We have also issued a variety of detailed guidance documents for industry designed to provide greater clarity to manufacturers on scientific and regulatory considerations for the development of biosimilars. At the same time, we have been working to prevent some companies from engaging in unscrupulous efforts to prevent biosimilar competition, such as by blocking would-be competitors’ access to their products for research purposes.
In short, we are doing everything we can to develop and maintain efficient and effective methods of regulating the development and approval of new biosimilars that are as safe and effective as their reference products.
Finding the right approach
But finding the most effective pathway to efficiently support innovation is challenging. Clear and predictable regulatory pathways grounded in the best available science are essential. We need to avoid inflexible standards that can’t evolve quickly enough to keep up with technological developments and that can be used to prevent or delay competition and innovation. This is particularly important for biological products, which are generally complex and variable and often depend on state-of-the-art technological developments.

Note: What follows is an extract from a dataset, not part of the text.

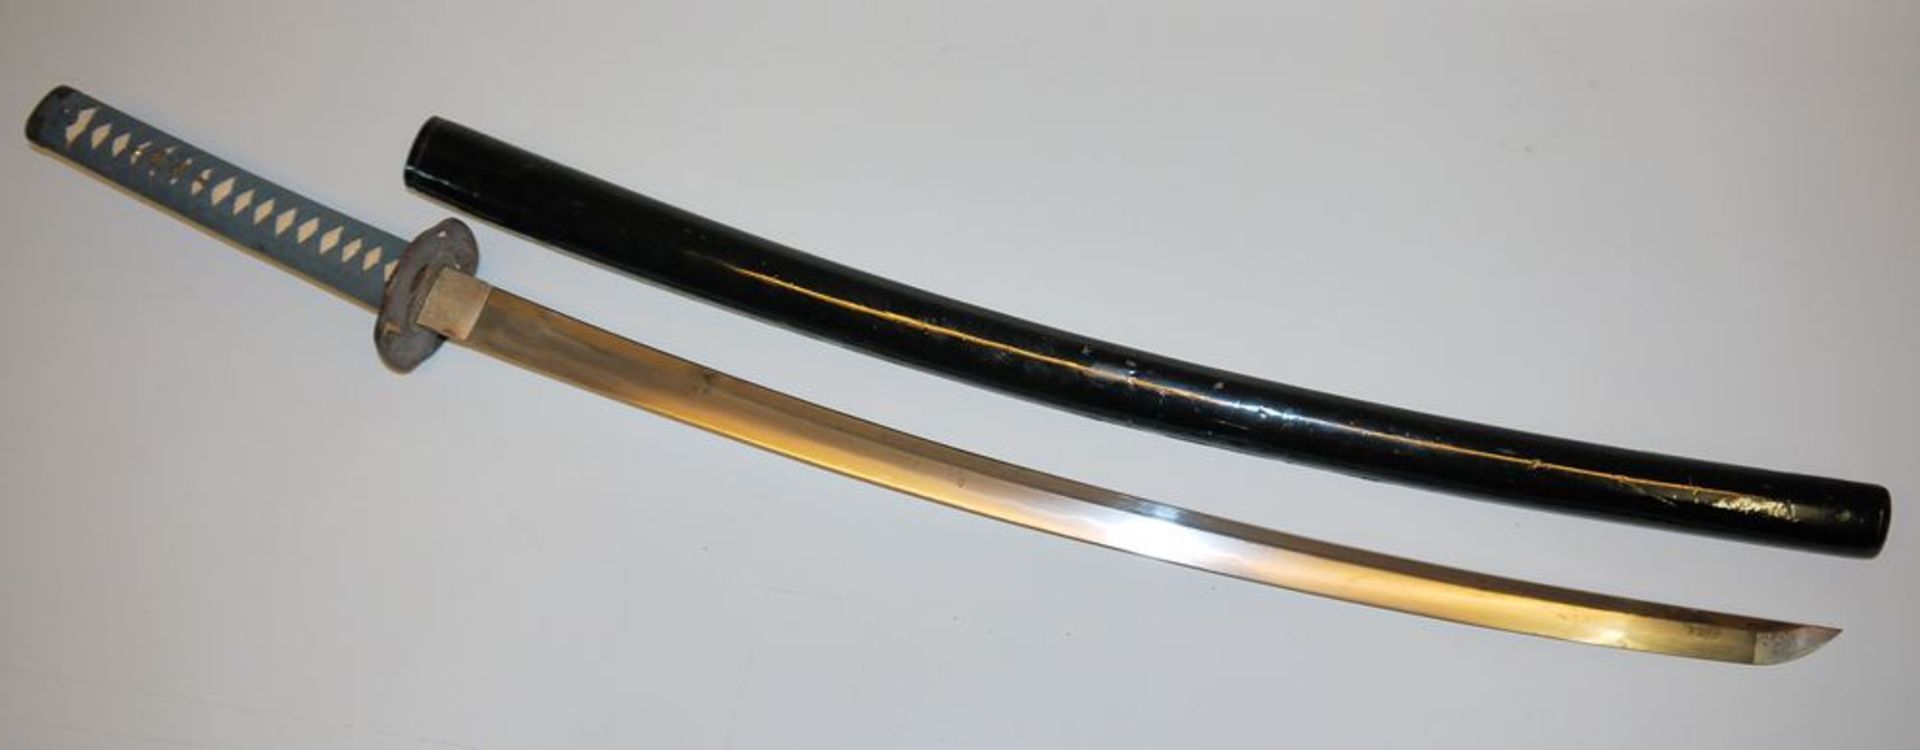 Katana, japanisches Schwert der Edo/Meiji-Zeit - Bild 4 aus 8

Likewise, product-specific standards like those put forth by non-governmental organizations, such as those of the U.S. Pharmacopeia (USP), can serve an important role for “small molecule” drugs that are relatively easily standardized and characterized. Manufacturers follow USP standards called monographs for many FDA-approved drugs. However, when it comes to biological products (including biosimilars) — the requirement to adhere to a monograph may actually hinder progress while not offering additional quality assurances.
The FDA already has standards in place to ensure the safety, purity, and potency (safety and effectiveness) of biological products, including biosimilar and interchangeable products. Requiring compliance with a monograph issued by a non-governmental entity can make a sponsor conform to two standards when only one is needed — potentially extending review time and delaying the time it takes for approval. Further, the USP monograph can be used by sponsors to gain an advantage for their product over others, based on patented manufacturing processes or tests and — in some cases — outdated technology. This is an example of the kind of redundancy and unnecessary burden within a regulatory approval pathway that the FDA seeks to avoid. Details of the potential effects of the USP monograph system on the development of future biological products, including biosimilars, are available in this CDER Conversations article.
Supporting voluntary standards for biological products
The FDA supports development of voluntary standards by USP and other consensus standards organizations, as this is consistent with the FDA’s flexible approach and can meet the needs of evaluating complex and diverse biologics. Our goal includes making sure that patients can access and afford these treatments, which often can mean the difference between life and death. And our efforts are designed to do that while maintaining the FDA’s gold standard of safety and effectiveness.
We are pleased to see our 20th biosimilar approval. It inspires all of us at the FDA to embrace the important work that lies ahead to safely and quickly facilitate the delivery of medical products to patients.